Ulrika los fulminó con la mirada durante un momento, con ganas de decirles que se callaran, y luego devolvió la atención a la cantante y se olvidó de ellos.
La joven estaba cantando una dulce balada antigua que hablaba de que la madre Miska se despedía de sus hijos y se marchaba a caballo hacia el norte en busca de su destino. Ulrika la conocía desde antes de nacer, y acompañaba a la joven formando las palabras con los labios en el momento en que los matones volvieron a alzar la voz. Cuando salían por la puerta posterior, el jefe, al que el tabernero había llamado Shanski, se detuvo junto al escenario para sonreír y hacerle gestos groseros a la muchacha ciega. Ella, por supuesto, no vio nada y continuó cantando, pero Ulrika gruñó para sí: «¡Valiente imbécil!», se dijo.

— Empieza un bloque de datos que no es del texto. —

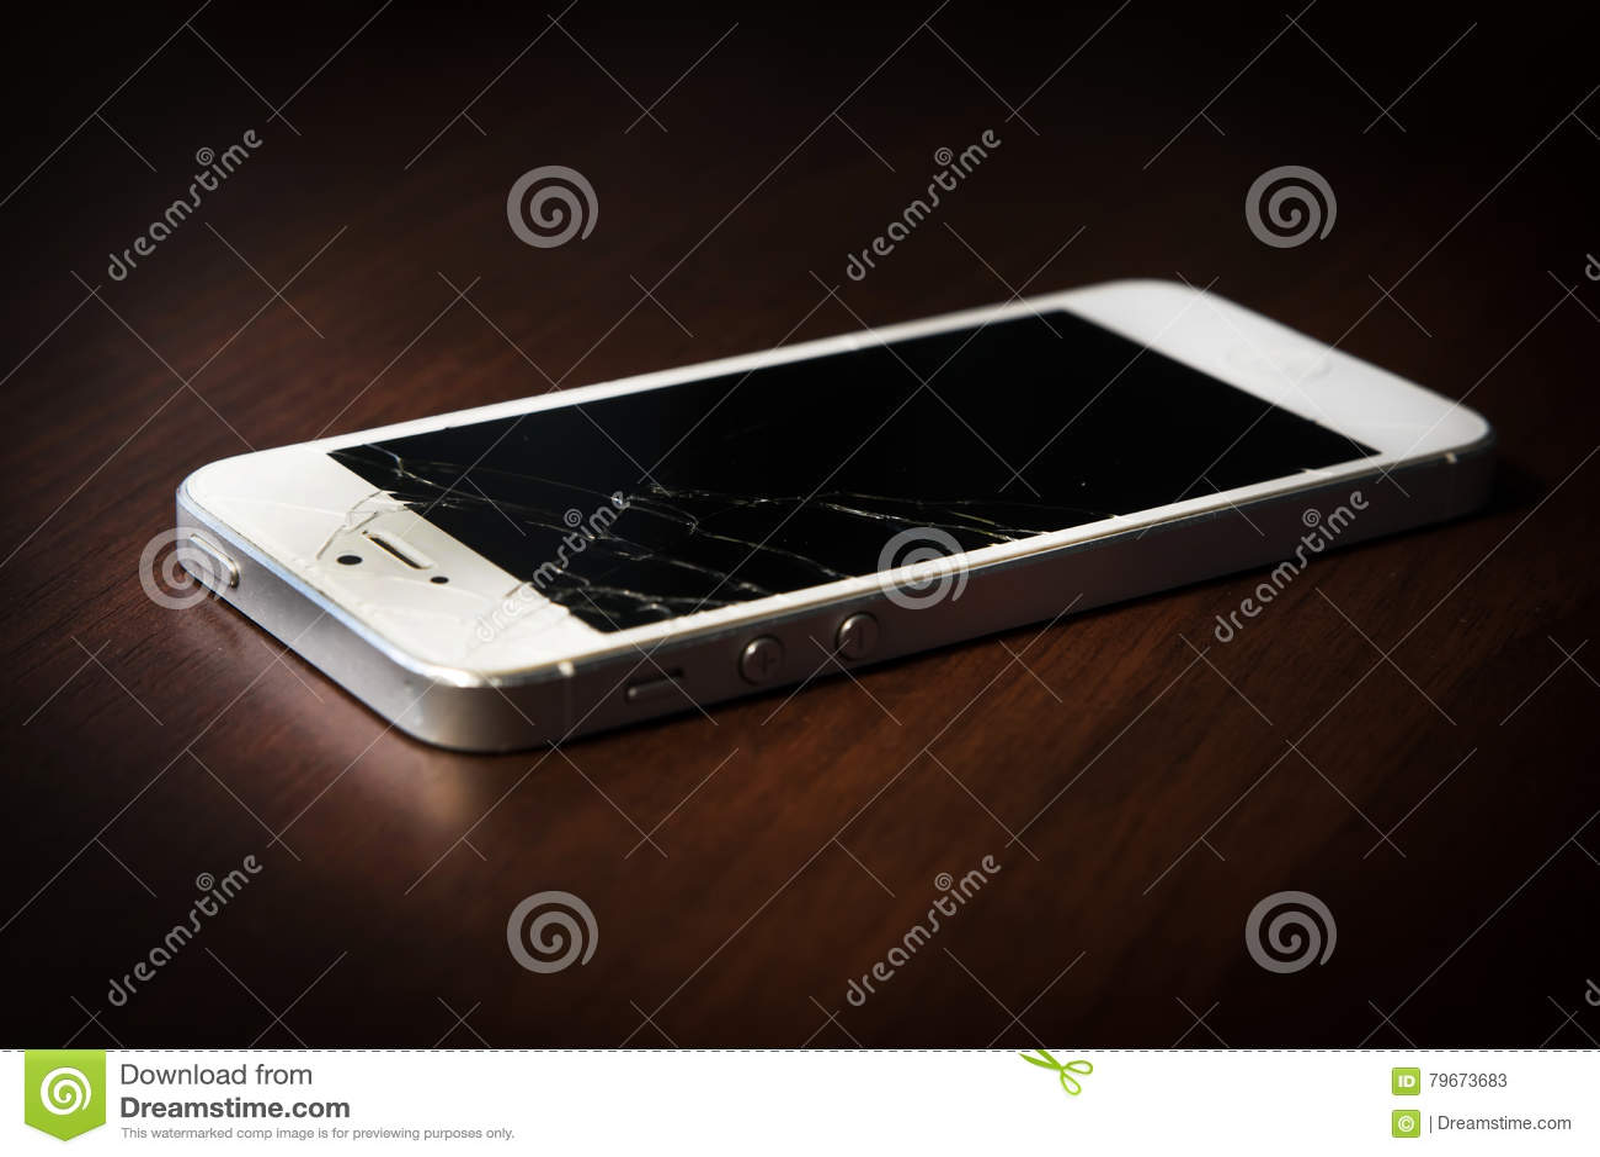 Łamany telefon na stole, czerń ekran
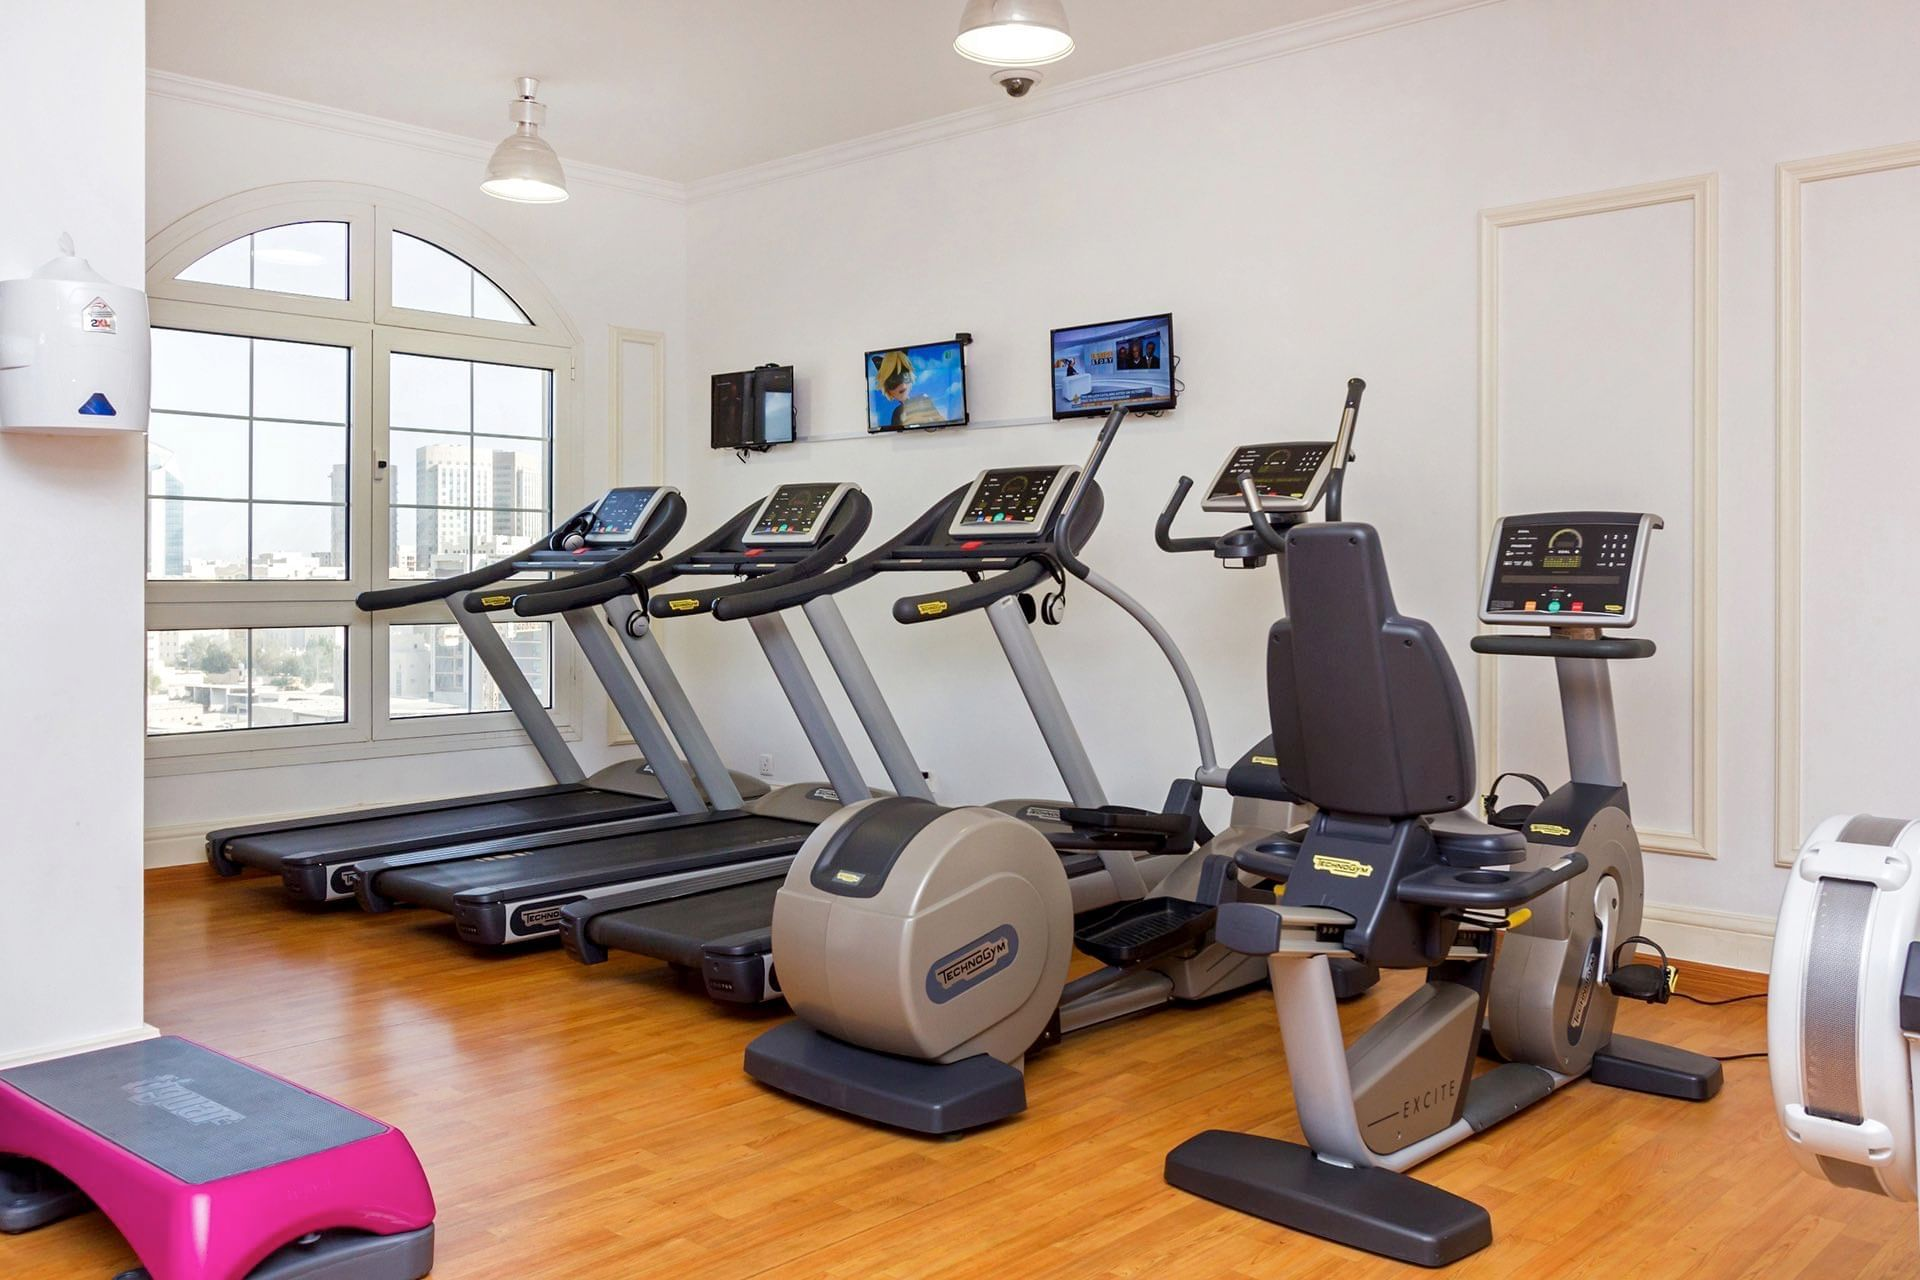 Fitness Machines at Warwick Doha

Se relajó al ver que Shanski abría el bolsillo de su cinturón y sacaba una moneda. Al menos iba a pagar por la diversión. Pero no, el matón era más listo que eso. Dejó caer la moneda en el estuche de la muchacha ciega con una mano, asegurándose de que tintineara contra otra, mientras que al mismo tiempo cogía un montón de monedas con la mano desocupada.
—Gracias, señor —dijo la muchacha, inclinando la cabeza al oír el tintineo de la moneda, sin perder el ritmo.
Se oyeron susurros y murmullos de enojo de los presentes, pero todos se apagaron cuando Shanski se volvió y los fulminó con la mirada al tiempo que se llevaba una mano a la empuñadura de la espada. Se burló de su cobardía y luego salió pavoneándose por la puerta posterior, tras sus hombres, mientras metía en su bolsa las monedas robadas.
Ulrika gruñó con enojo, pero se contuvo y sonrió para sí. Al fin había llegado la hora de la cena.